Spaces are not detected while scanning PDF - iOS (CGPDFScanner)

168 views Asked by At

I am working on pdf scanning,where I want to extract text from the PDF. I am using pdf Multithreading.pdf for searching. I am able to extract the text but am not able extract spaces from the text.I am getting only callbacks for Tj operator and not for TJ. What can be the problem?

Thanks

1

There are 1 answers

3
mkl On BEST ANSWER

I am able to extract the text but am not able extract spaces from the text.I am getting only callbacks for Tj operator and not for TJ.

The reasons are that in your sample document

  1. no spaces are used in the text drawing operations but instead the text drawing position is changed using Tm operations; and
  2. only Tj text drawing operations are used, no TJ ones.
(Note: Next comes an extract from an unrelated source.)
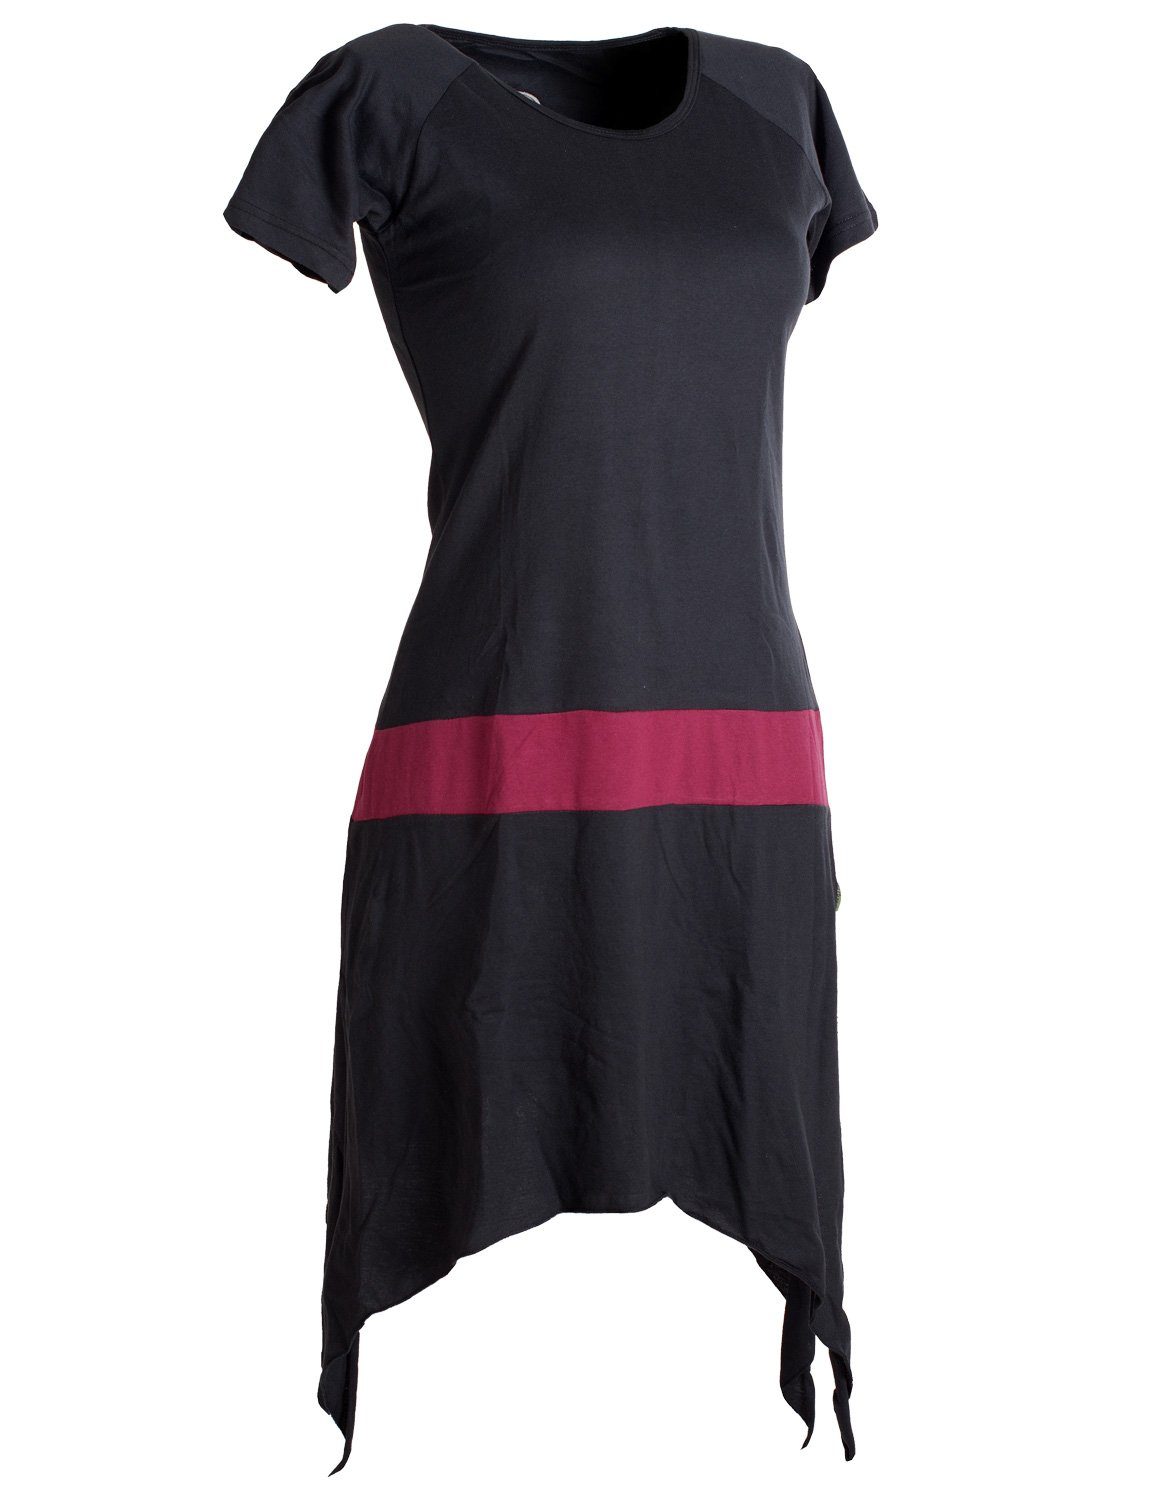 Einfaches Baumwolle aus Zipfelkleid Style kurzärmliges Tunika, Sommerkleid Vishes schwarz-dunkelrot Longshirt, Hippie

E.g. the text drawing operations of the title page

title on the title page

are:

BT
/F0 50 Tf
1 0 0 1 60 669.225 Tm
(\0006)Tj                                    %  T
1 0 0 1 83.527 669.225 Tm
(\000J\000T)Tj                               %  hr
1 0 0 1 125.631 669.225 Tm
(\000G\000C\000F\000K\000P\000I)Tj           %  eading
1 0 0 1 273.395 669.225 Tm
(\0002)Tj                                    %  P
1 0 0 1 298.272 669.225 Tm
(\000T)Tj                                    %  r
1 0 0 1 313.599 669.225 Tm
(\000Q)Tj                                    %  o
1 0 0 1 340.076 669.225 Tm
(\000I\000T)Tj                               %  gr
1 0 0 1 382.43 669.225 Tm
(\000C\000O\000O\000K\000P\000I)Tj           %  amming
0 Tc
1 0 0 1 60 609.225 Tm
(\000\))Tj                                   %  G
1 0 0 1 91.7 609.225 Tm
(\000W\000K\000F\000G)Tj                     %  uide
ET  

No white space in the Tj text drawing operations, only shifts in the drawing position using Tm.